- **DATA FOR PROCESSING**
= = = = =
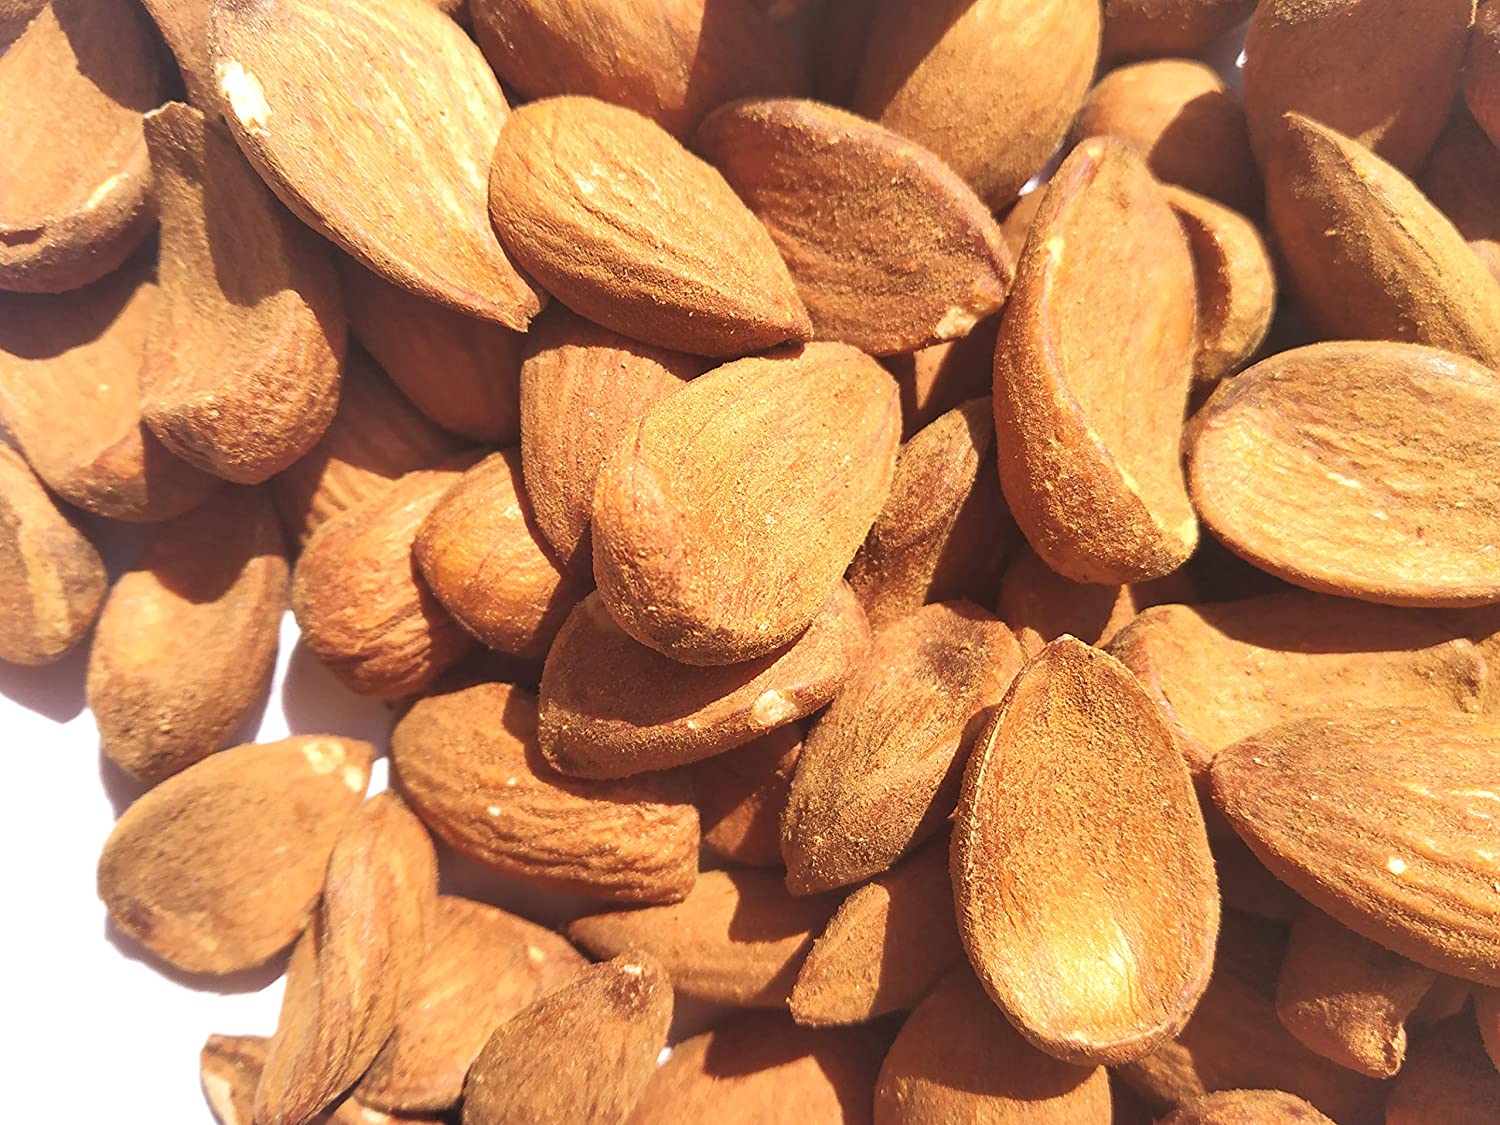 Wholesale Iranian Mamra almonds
= = = = =
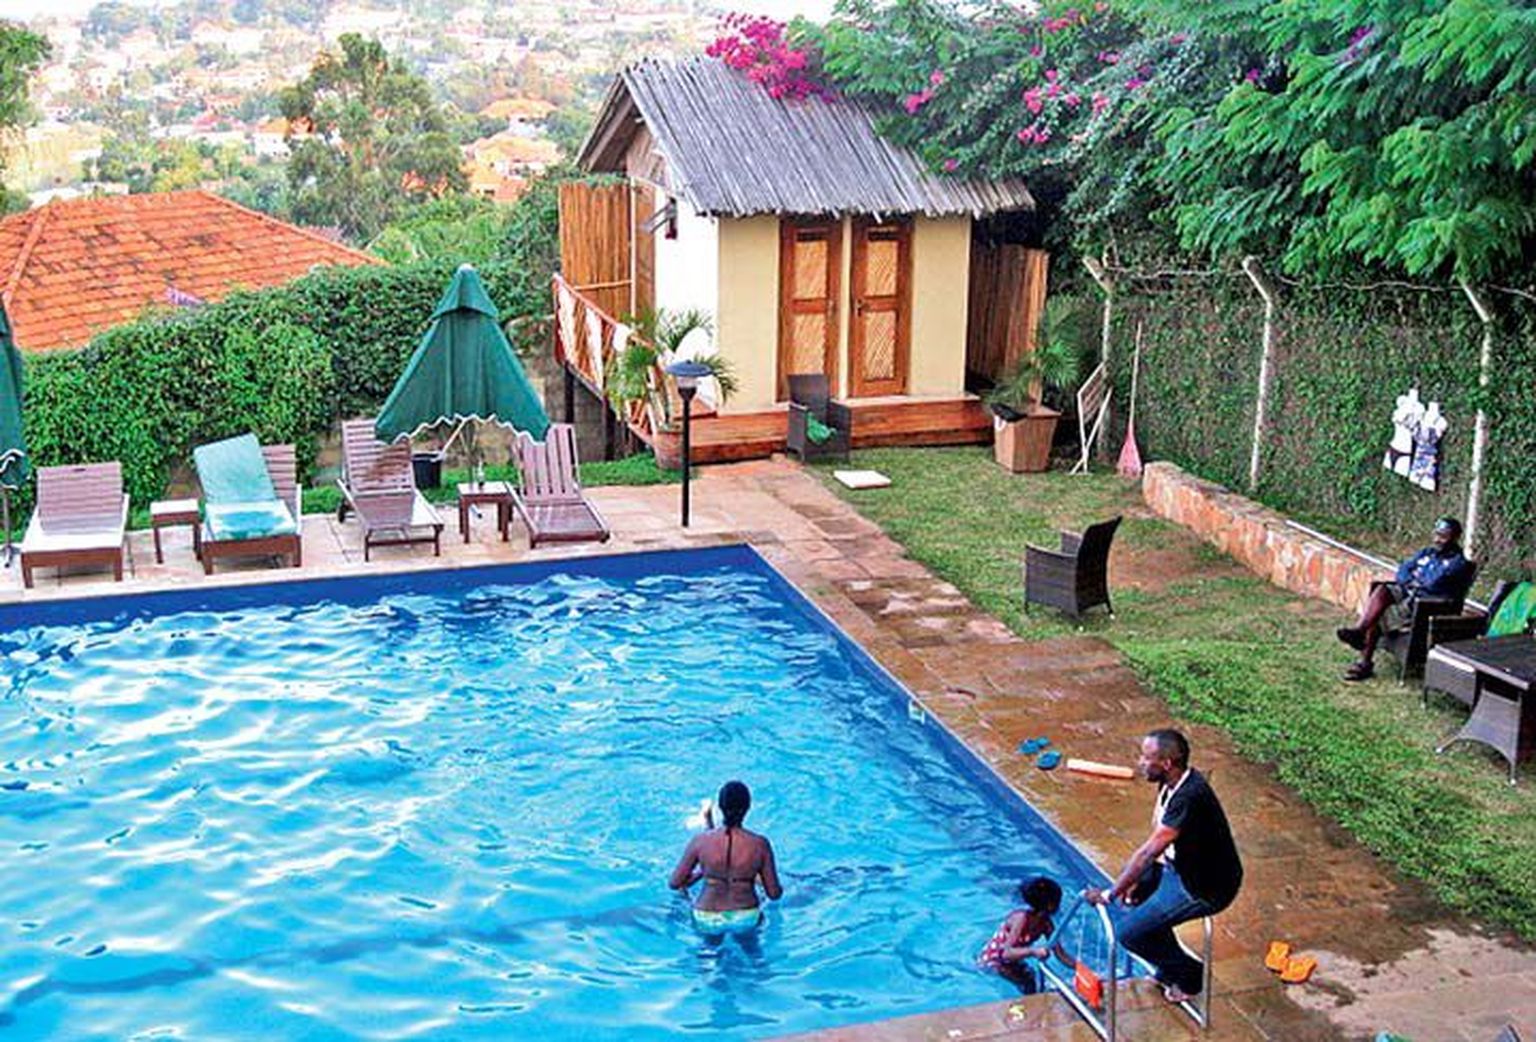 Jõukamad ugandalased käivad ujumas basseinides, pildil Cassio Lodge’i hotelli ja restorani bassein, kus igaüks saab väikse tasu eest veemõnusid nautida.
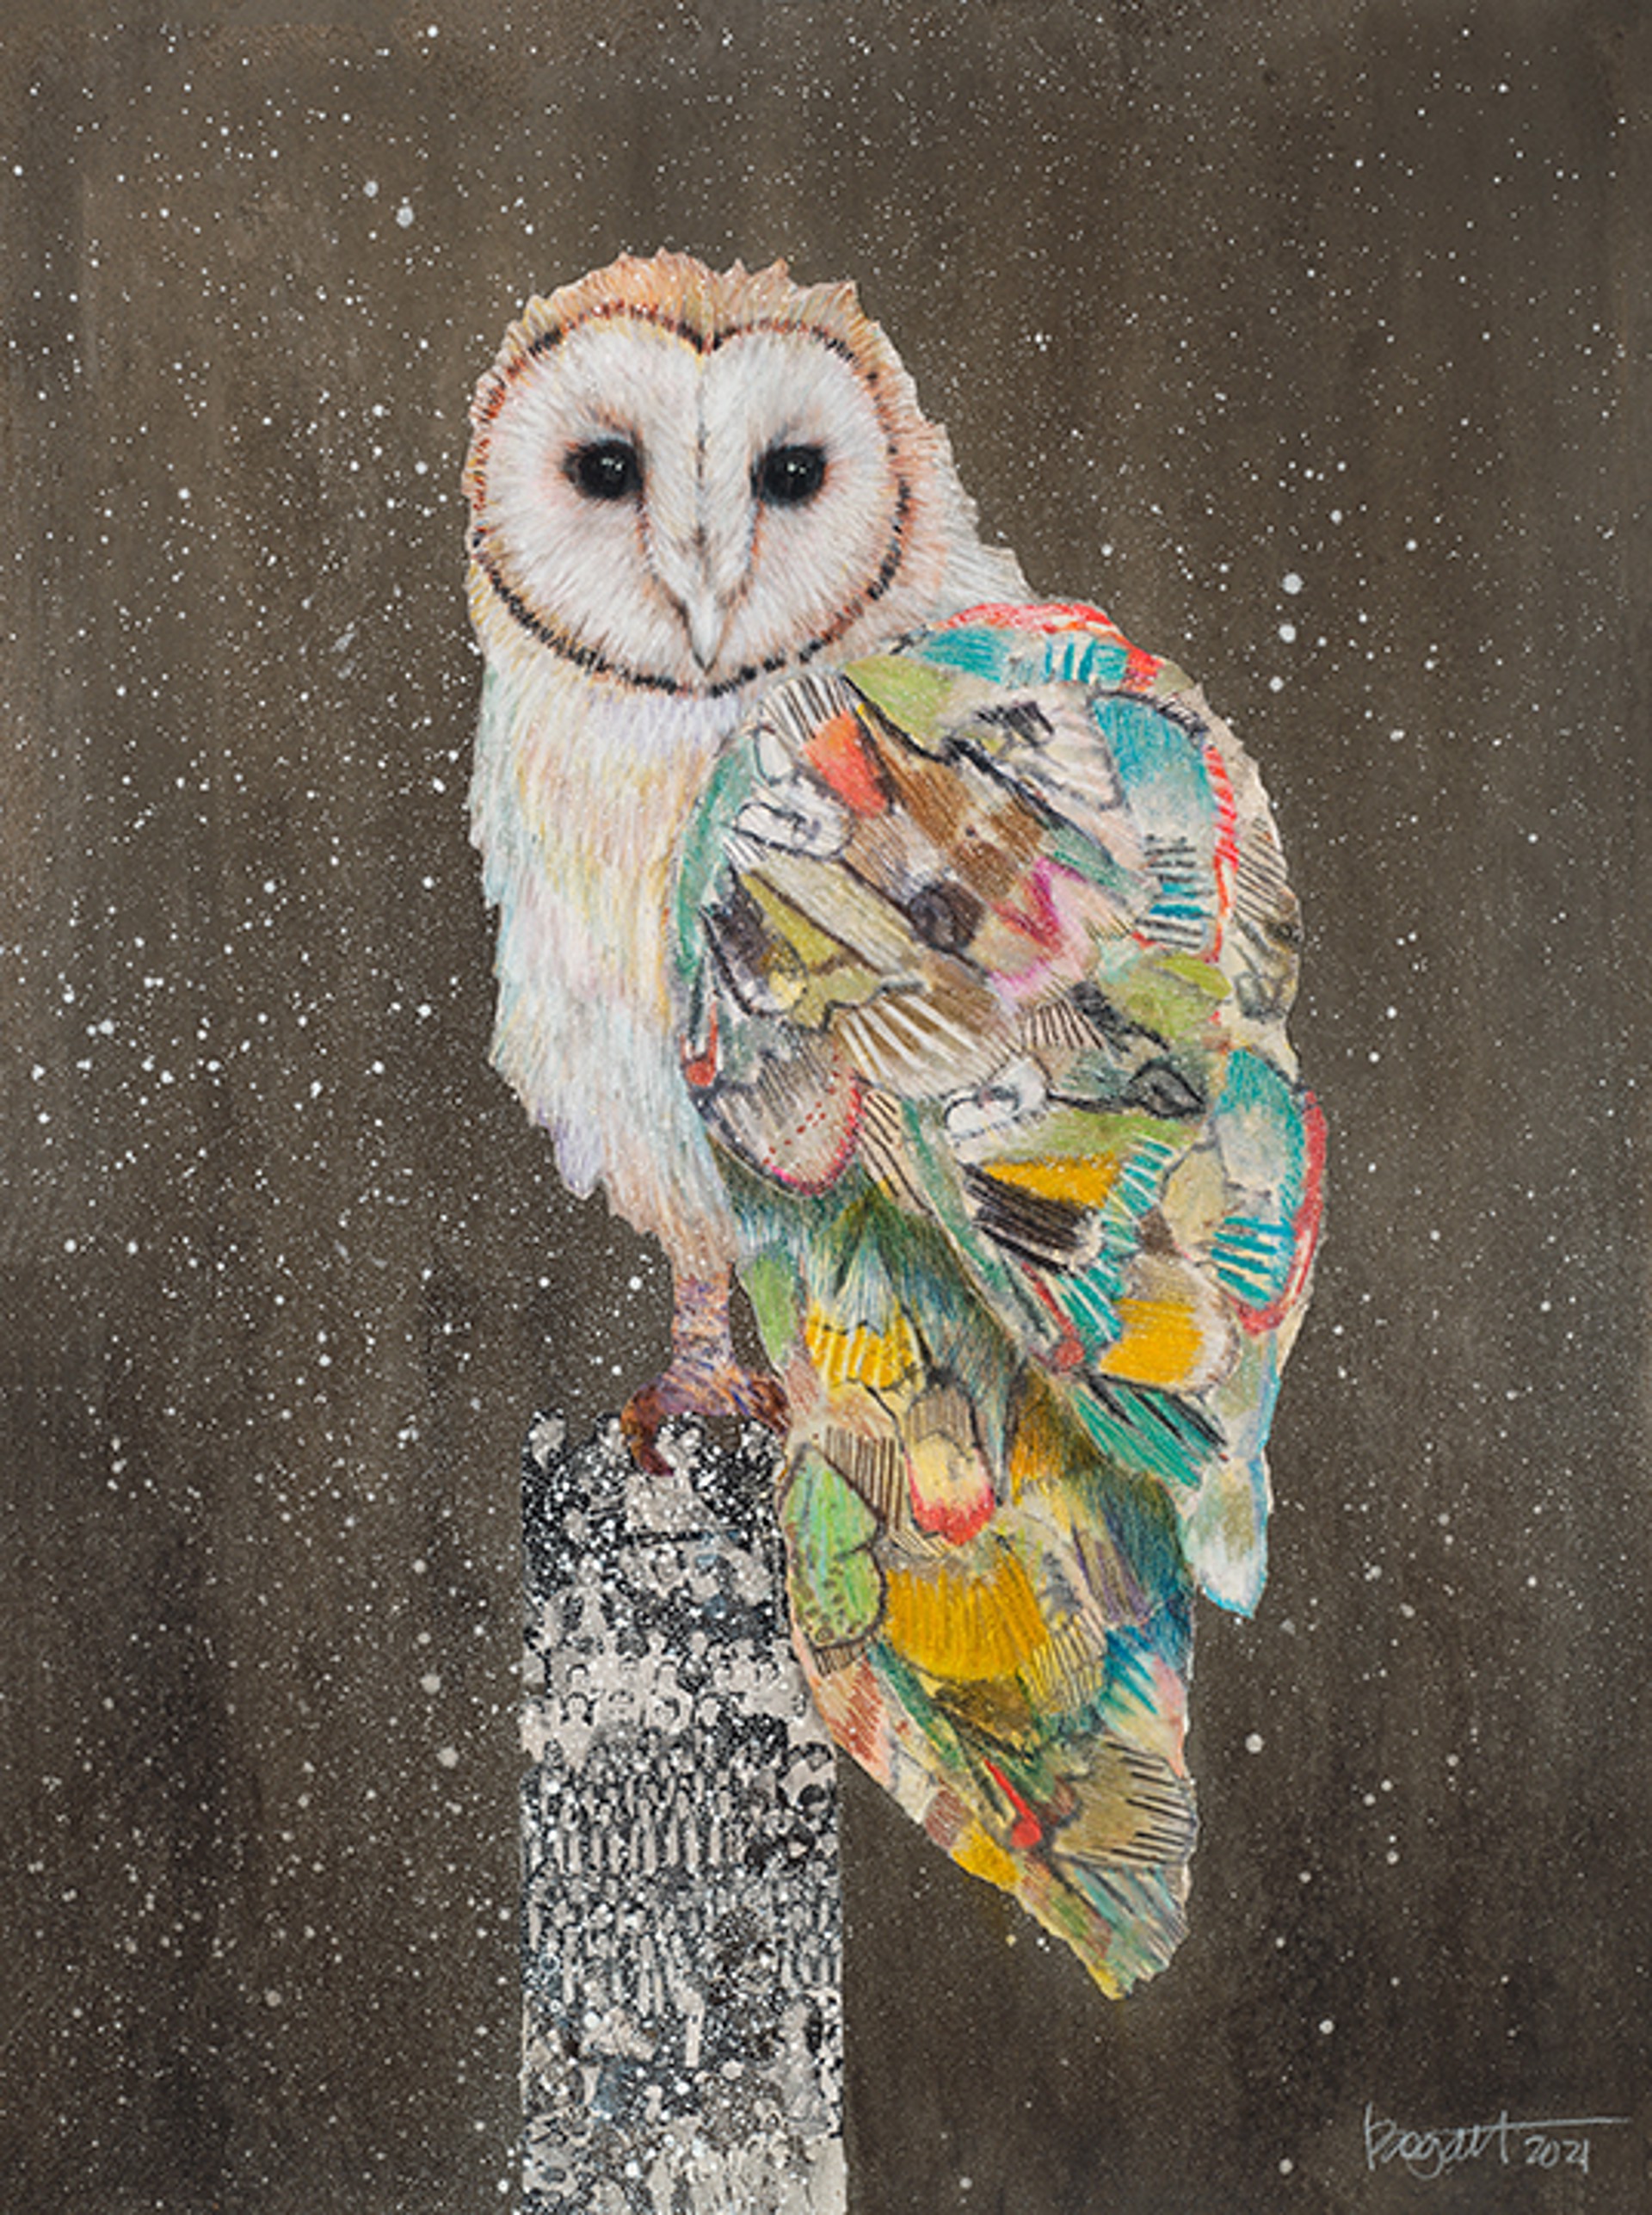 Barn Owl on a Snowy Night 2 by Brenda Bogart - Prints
= = = = =
- **DESCRIPTION OF THE TASK**
Text only, no pictures: please print exactly the lines above from the line with "Jõukamad ugandalased käivad" up to and including the line with "Barn Owl on", and nothing else.

- **ANSWER SECTION**
 Jõukamad ugandalased käivad ujumas basseinides, pildil Cassio Lodge’i hotelli ja restorani bassein, kus igaüks saab väikse tasu eest veemõnusid nautida.
 Barn Owl on a Snowy Night 2 by Brenda Bogart - Prints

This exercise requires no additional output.